Добавить в цитаты Настройки чтения

Страница 76 из 88

 Принц Боргезе, с которым я долго беседовал после обеда, спрашивает меня, какие черты меня больше всего поражают в русской революции и больше всего отличают ее, по моему мнению, от западных революций. Я ему отвечаю:

 - Прежде всего, примите в расчет, что русская революция едва началась и что известные силы, которым суждено сыграть в ней огромную роль, как-то: аграрные вожделения, расовые антагонизмы, социальный распад, экономическая разруха, еврейская страстность действуют пока еще скрыто. С такой оговоркой вот что меня больше всего поражает.

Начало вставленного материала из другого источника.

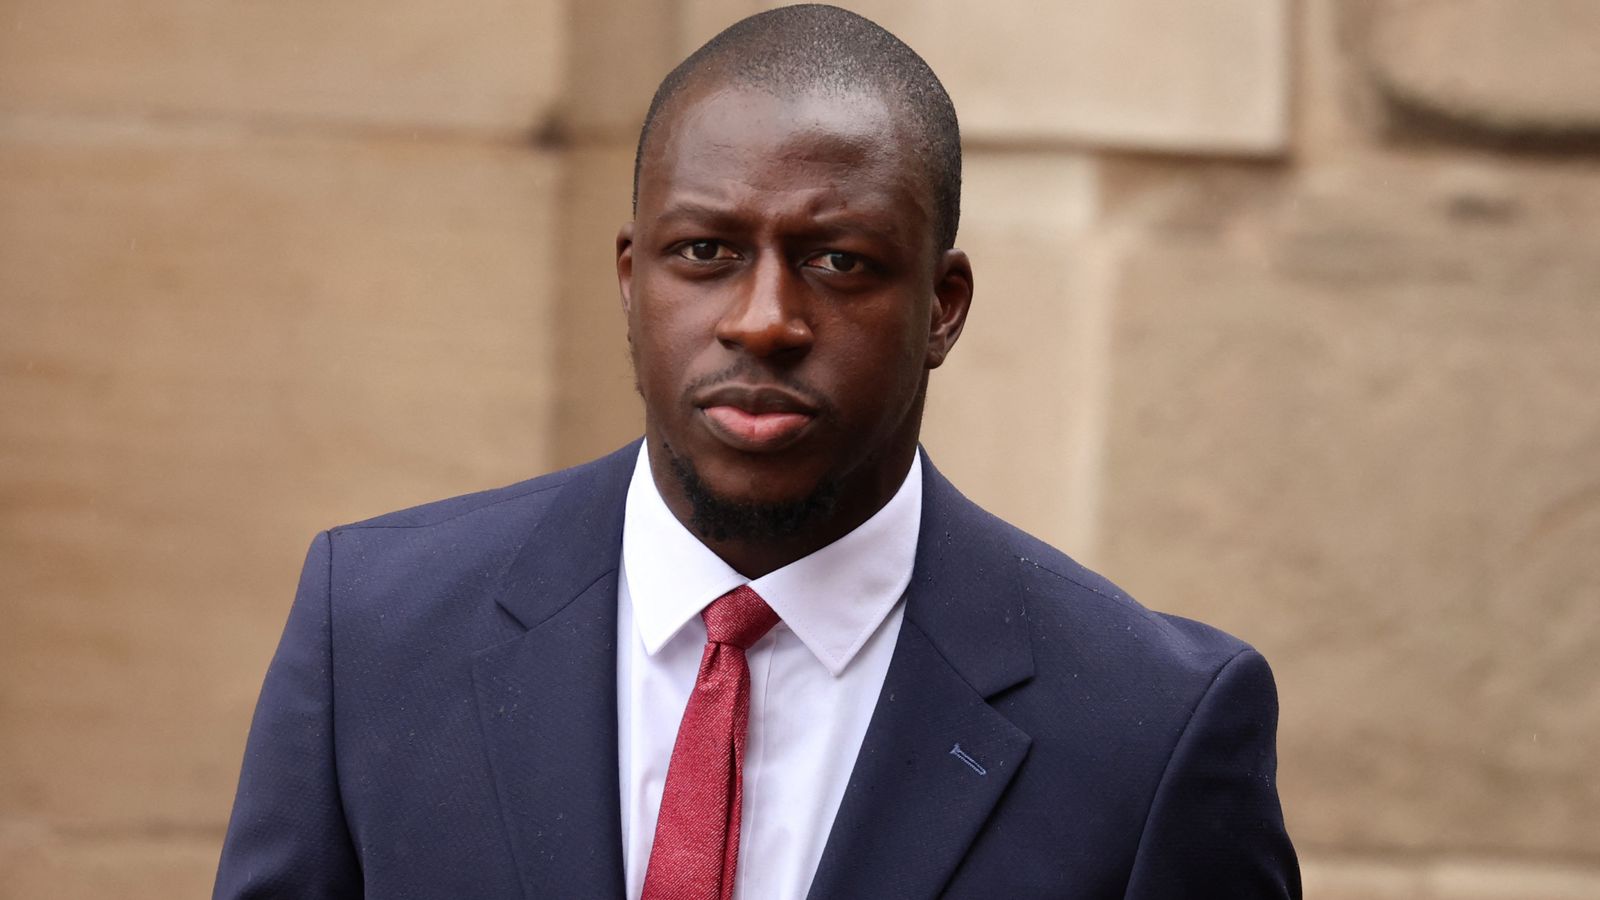 Benjamin Mendy sues Manchester City for unpaid wages during rape and sexual assault charge | UK News
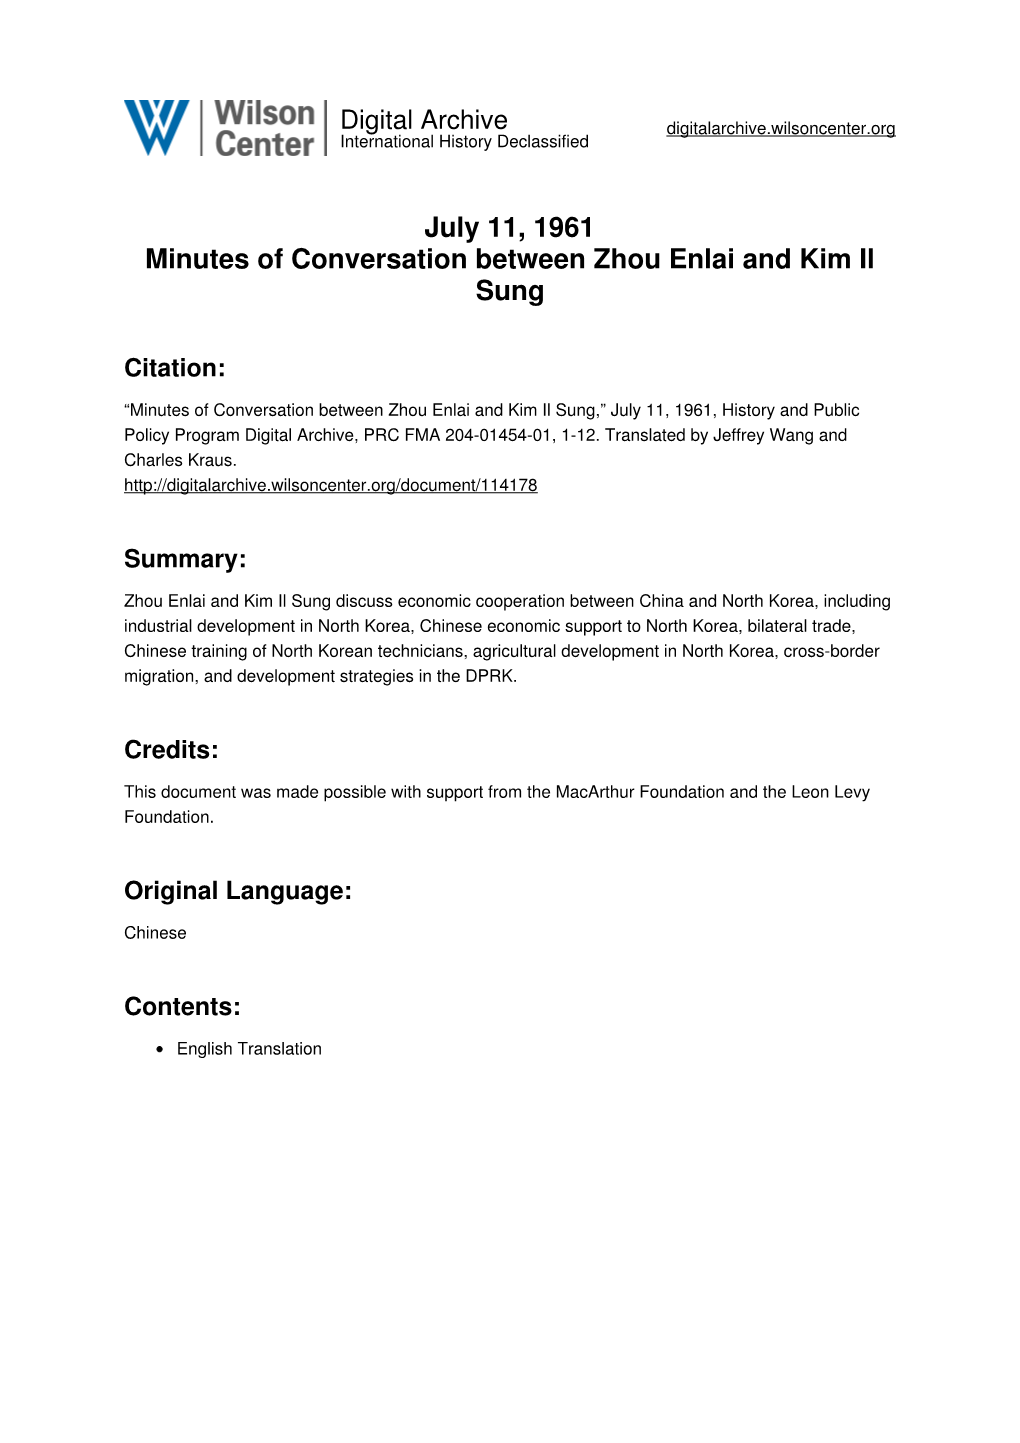 July 11, 1961 Minutes of Conversation Between Zhou Enlai and Kim Il Sung

 И я несколькими примерами иллюстрирую следующие пункты:

 1. Радикальное различие психологии революционера латинского или англо-саксонского от революционера-славянина. У первого воображение логическое и конструктивное; он разрушает, чтобы воздвигнуть новое здание, все части которого он предусмотрел и обдумал. У второго оно исключительно разрушительное и беспорядочное; его мечта - воплощенная неопределенность.

 2. Восемь десятых населения России не умеют ни читать, ни писать, что делает публику собраний и митингов тем более чувствительной к престижу слова, тем более покорной влиянию вожаков.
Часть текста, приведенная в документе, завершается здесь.